Atlas Shrugged is a fictionalized depiction of the causes, results, and ultimate implications of man's slow descent into moral and philosophical self- destruction. It is set in the near future, but its many historical and contemporary references are meant to demonstrate that the dangers of intellectual stagnation are plausible and imminent. In the novel, men of the mind rebel against a society that preaches altruism, a society that teaches struggling victims that sacrifices for the sake of others is proper and moral, a society that indoctrinates its youth with a vicious, destructive skepticism. In this society, need is the most important claim to virtue, and so the most productive, capable men are forced into virtual enslavement by a vicious code of directives intended to eliminate all economic class distinctions.
The characters in the novel are for the most part stylized representations of the two primary forces at work in the world: rationality and irrationality. Those few who do not completely fit within one category or the other are specifically designed to demonstrate the conflict between the two forces within the framework of a single life. Rand's primary contention is that morality stems from the ability to accept and fulfill man's potential as a rational being. Her heroes live their lives completely. Because they are not afraid of reality, they possess a superior capacity for joy and passion.
John Galt, the principal hero and liberator in the novel, is the ultimate human being, a man completely immune to fear and suffering.
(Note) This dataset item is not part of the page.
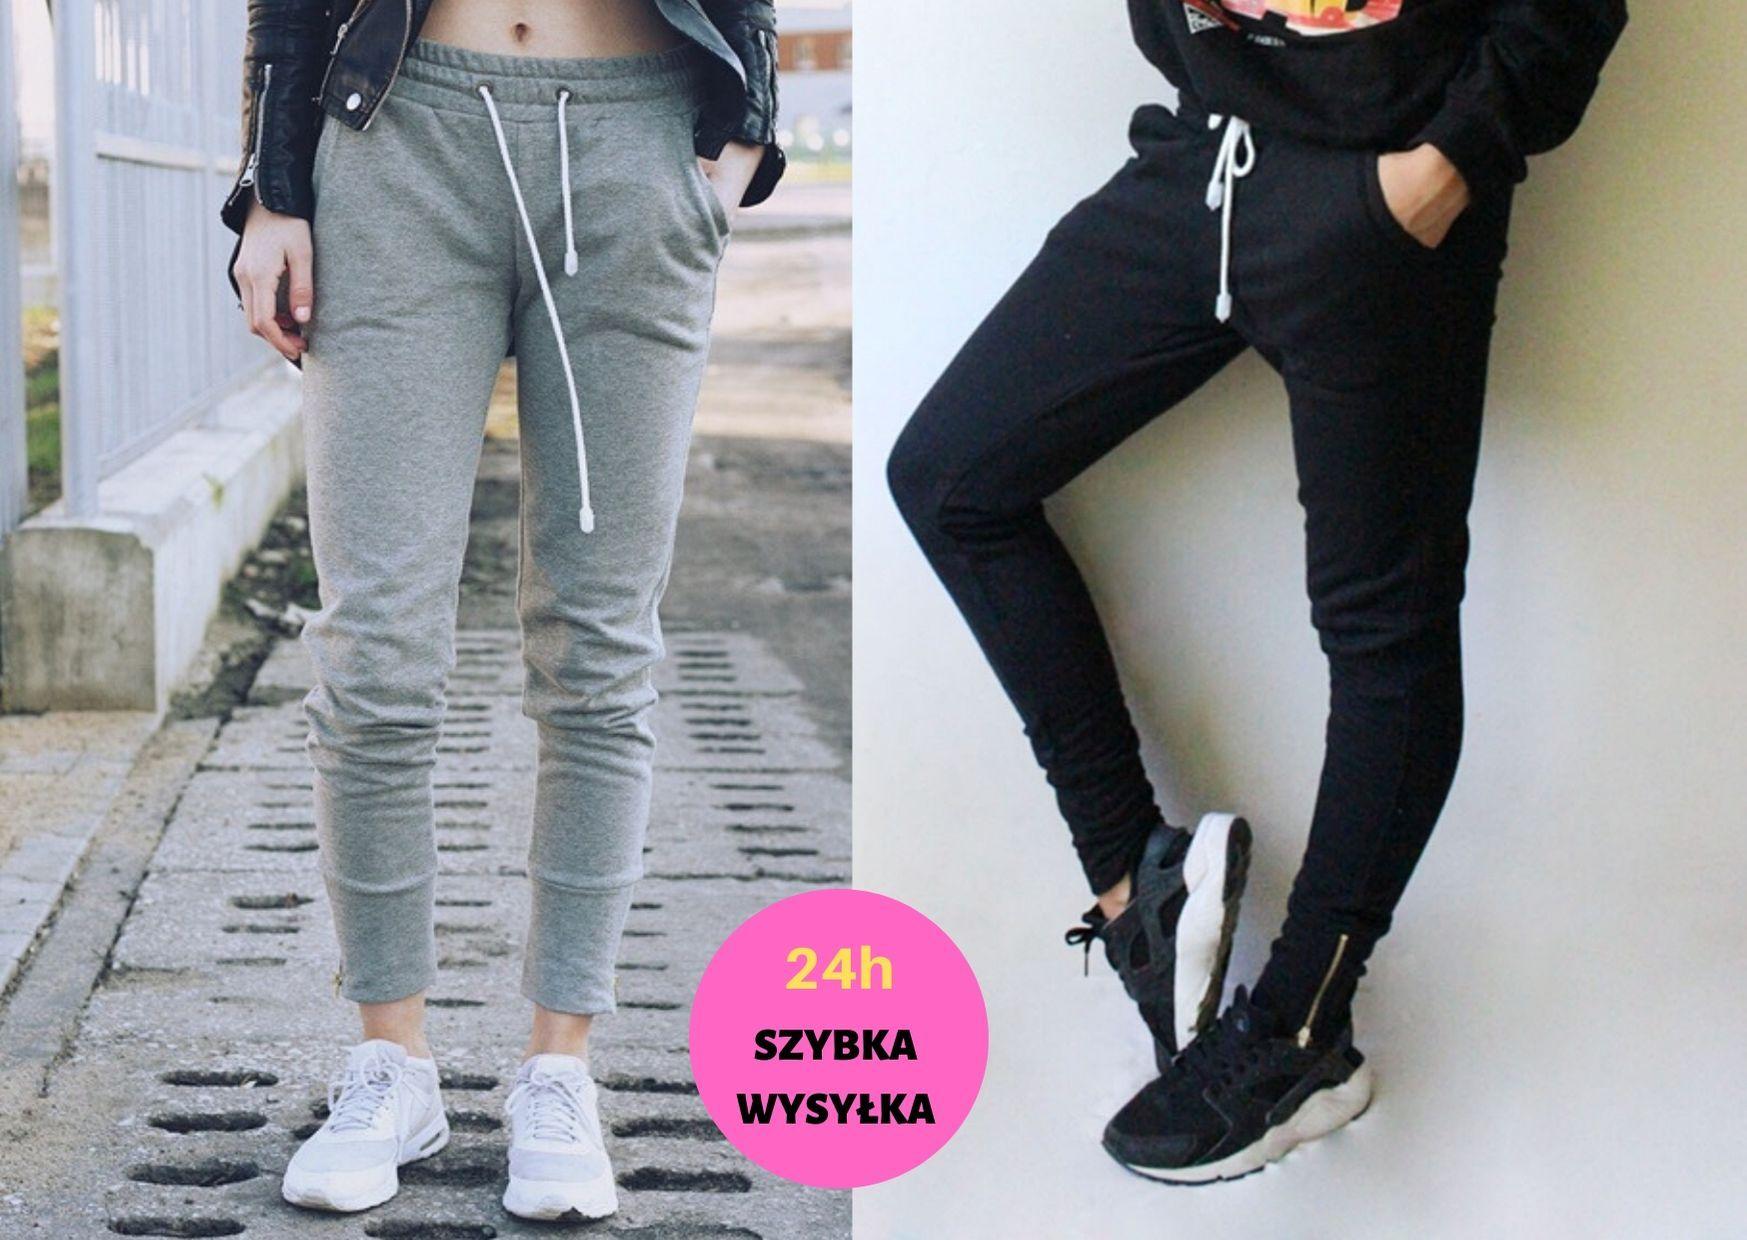 Dresy Damskie Zamki Zwezane Polski Produkt 8785185563 Oficjalne Archiwum Allegro Sweatpants Pants Fashion

He represents the ideal, the true and the right in human form. The battle he fights is the most difficult and profound in the history of the human race. His soldiers are the men of the industrial intelligentsia and their weapon is the only truly invincible weapon on earth: the power of reason. One of the primary literary devices employed in the novel is the rhetorical question, especially the famous "Who is John Galt?" This question represents at first a sense of futility and fear in the face of inexplicable decay, but eventually grows into its complete and final meaning: a sense of fear in the face of inevitable and just decay. Galt is a symbol of objective human justice.
Though Rand contends that men like John Galt and Hank Rearden do exist, in truth there is no cult of the rational like the one in this novel. Reason provides a pure methodology for discovery and existence, but its application varies from mind to mind. Rational philosophical premises are not innate principles; they must be discovered in the process of living.